Provided data.
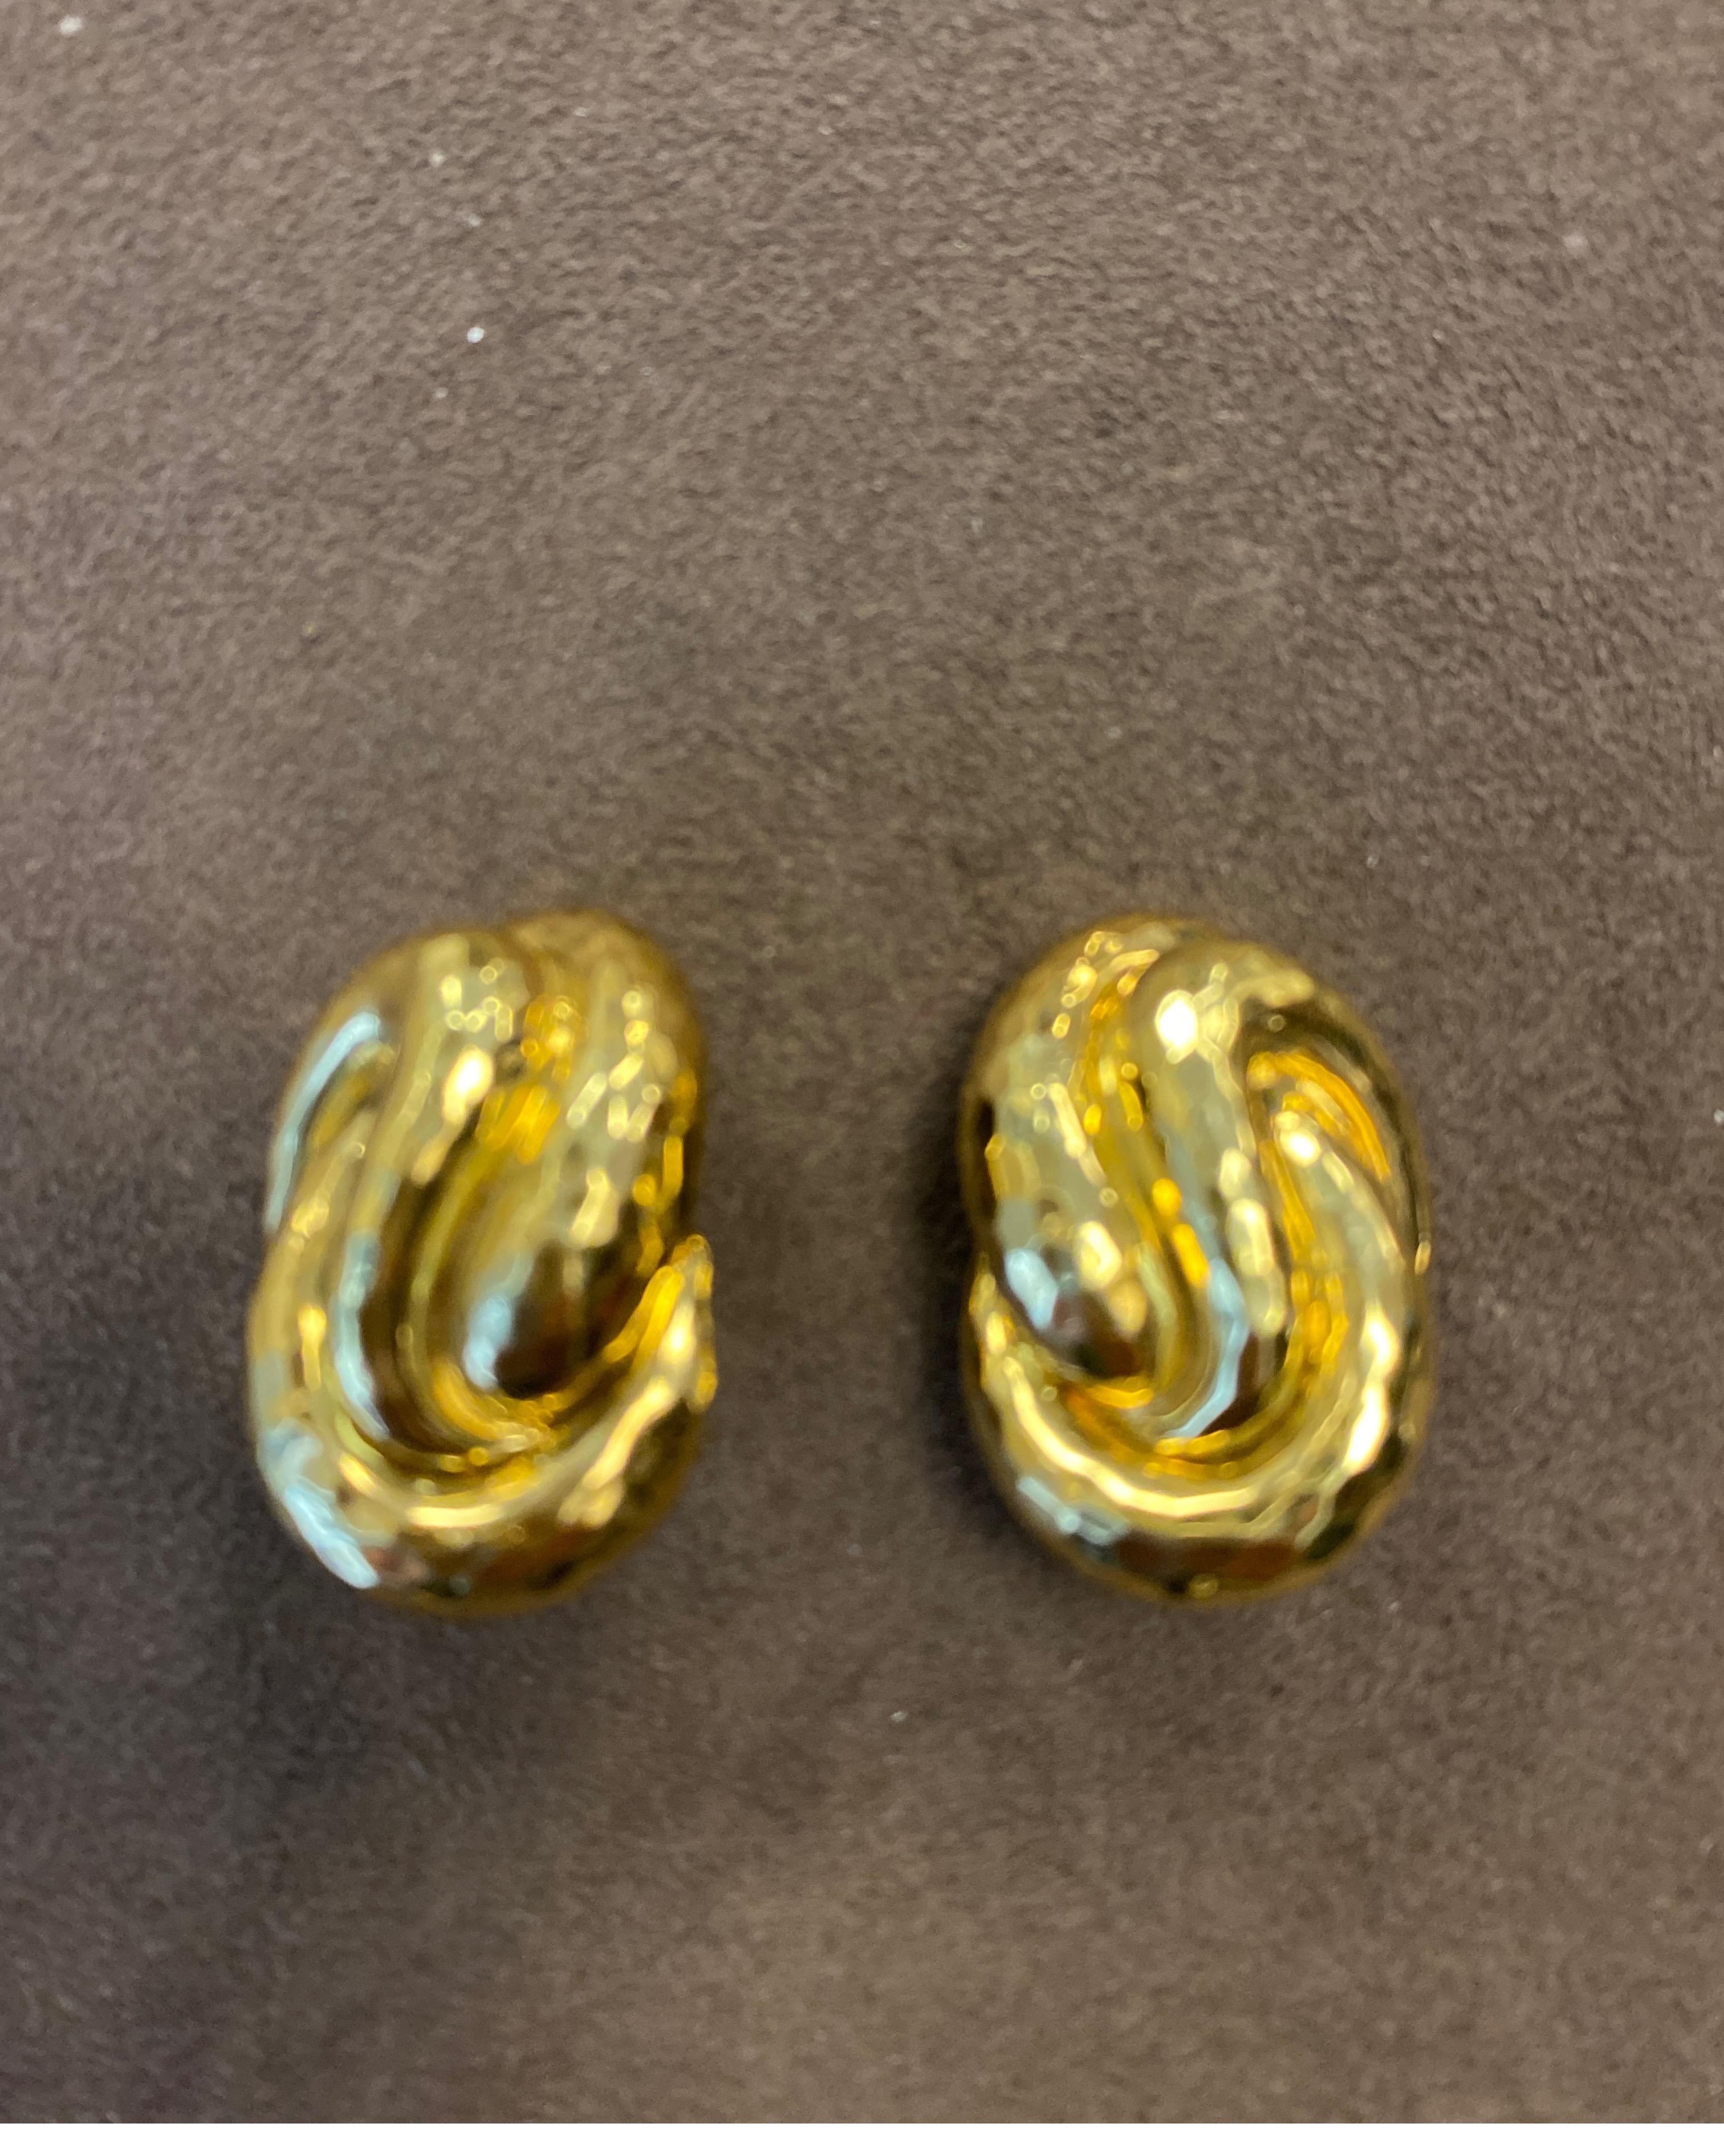 Henry Dunay, boucles d'oreilles à facettes en or jaune 18K.
Dernier prix de vente $7400
Neuf, jamais porté

Instructions to follow. Repeat the data word for word. Skip the pictures.

Answer section.
 Henry Dunay, boucles d'oreilles à facettes en or jaune 18K.
Dernier prix de vente $7400
Neuf, jamais porté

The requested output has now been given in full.